Adam Friedman, MD, FAAD, is an associate professor of dermatology in the department of dermatology at George Washington School of Medicine and Health Sciences in Washington, DC where he also serves as the Residency Program Director and the Director of Translational Research. He is currently investigating novel nanotechnologies that allow for controlled and sustained delivery of a wide spectrum of physiologically and medicinally relevant molecules with an emphasis on treating infectious diseases.
How is nanotechnology changing the practice of dermatology?
Dr. Friedman: Nanotechnology, the study, manipulation and development of materials at the billionth of a meter scale, confers numerous benefits to the practice of dermatology, but let’s stick with some very basic ones.
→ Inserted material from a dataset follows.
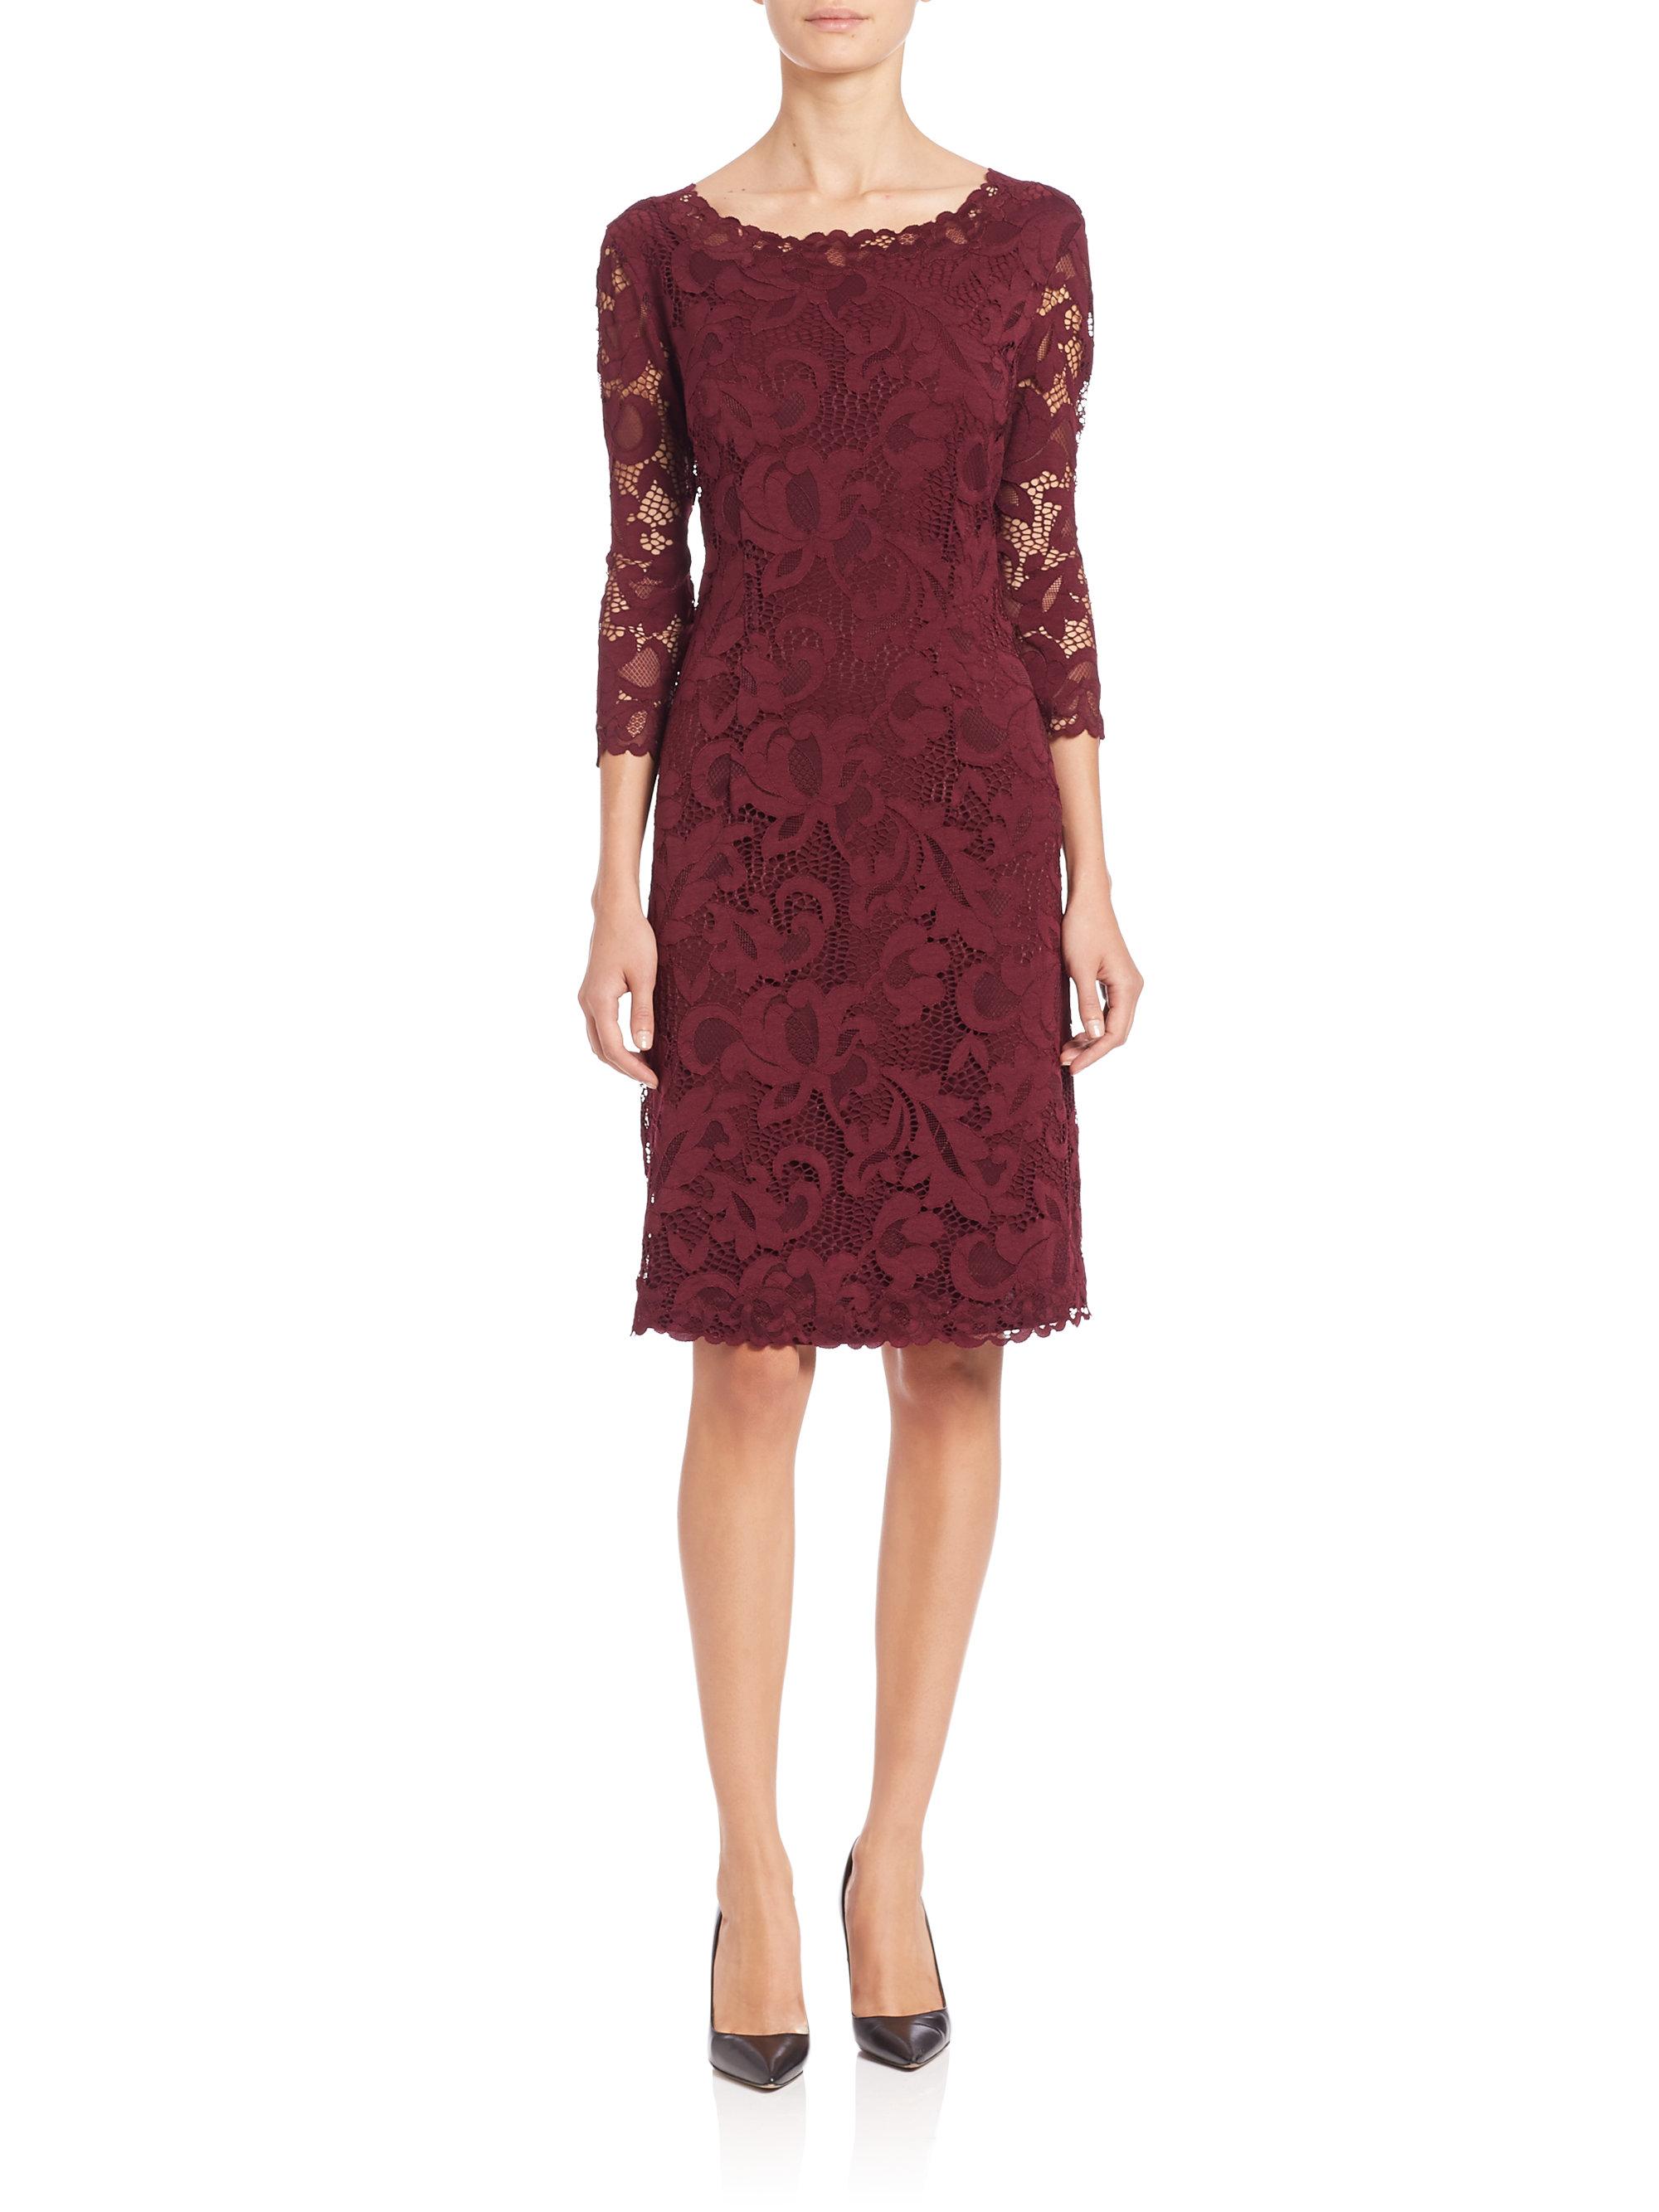 Josie Natori Three Quarter Sleeve Lace Dress In Purple
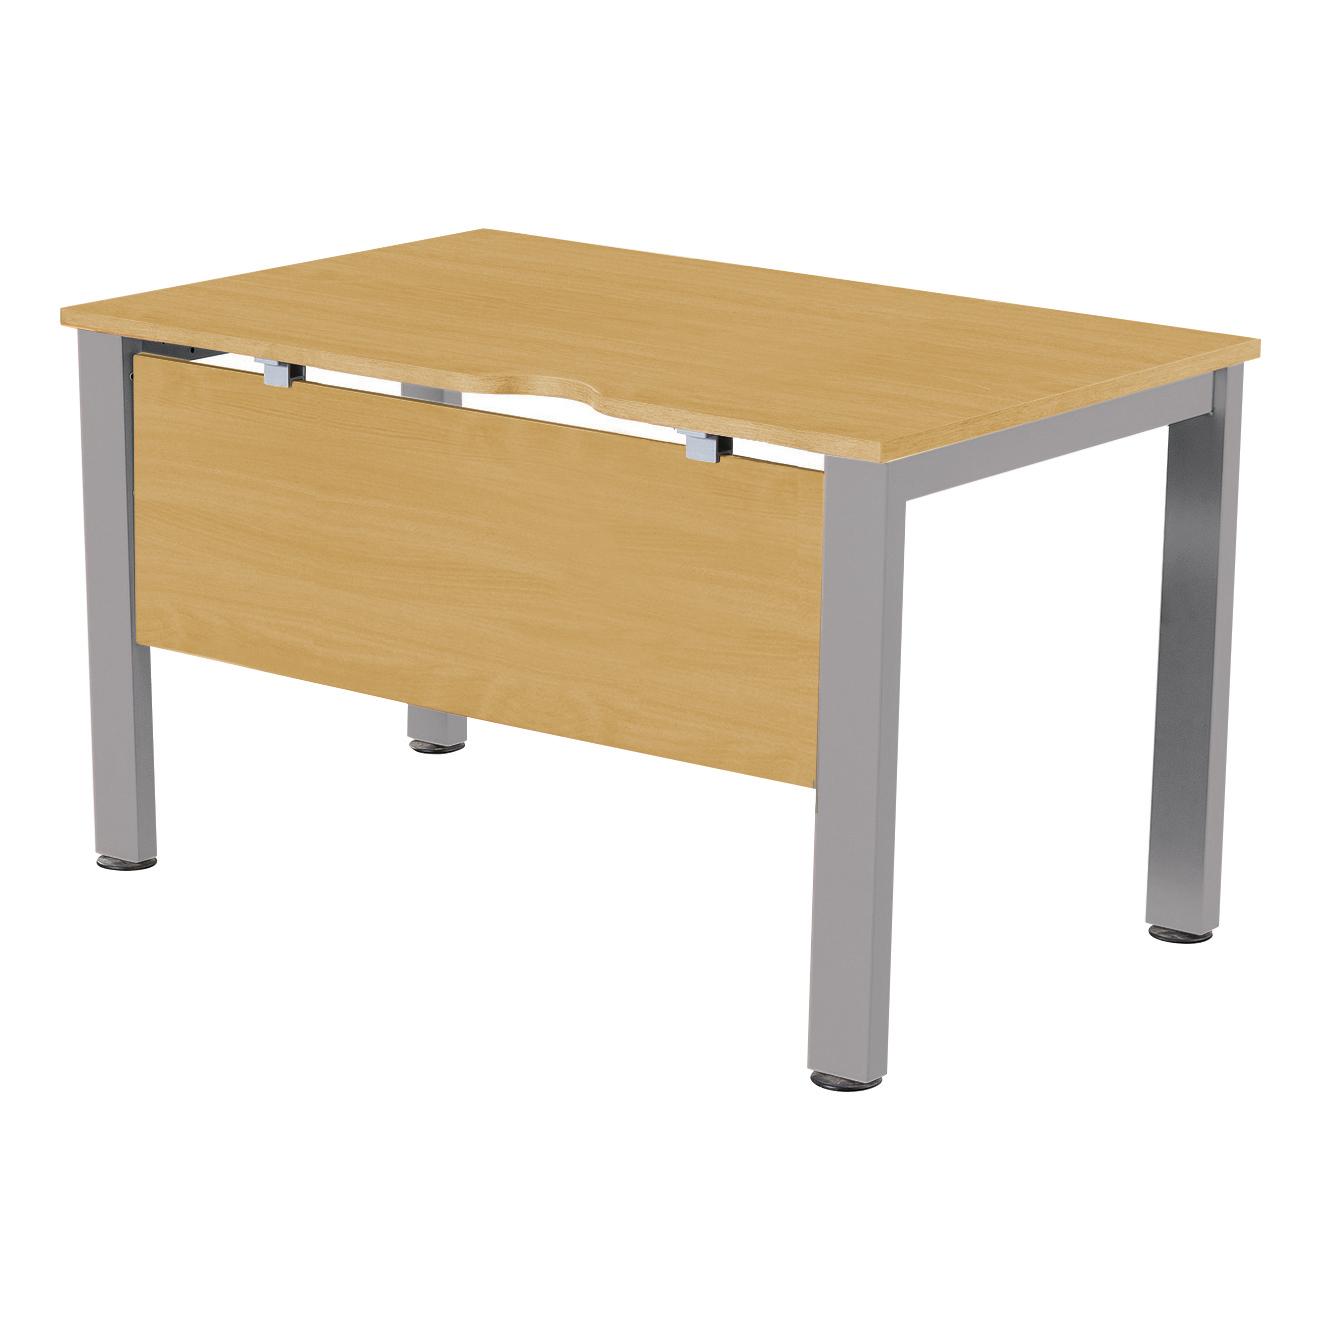 Sonix Standalone Desk Silver Legs 1000x800mm Natural Oak Ref fbcsmw10-1o

First, at the nanoscale, topically applied ingredients can be made invisible (as they do not scatter visible light) and suspended in cosmetically elegant vehicles which could not have been possible at the macroscale, making them more consumer-compliance friendly. Nanoscaled delivery vehicles, due to their size, can sit and remain on the skin more evenly and for longer periods of time, creating 1) an occlusive film, and by definition, decreasing transepidermal waterloss (always a win); and 2) a depot effect, allowing for sustained release of active ingredients over time or/and improving penetration through the stratum corneum. A topical agent is only as good as its ability to get where it needs to be. We have already witnessed the impact of nanomaterials in the consumer space with more effective and consumer-friendly sunscreens and anti-aging ingredients which are more stable and penetrate the barrier better to reach their biological targets.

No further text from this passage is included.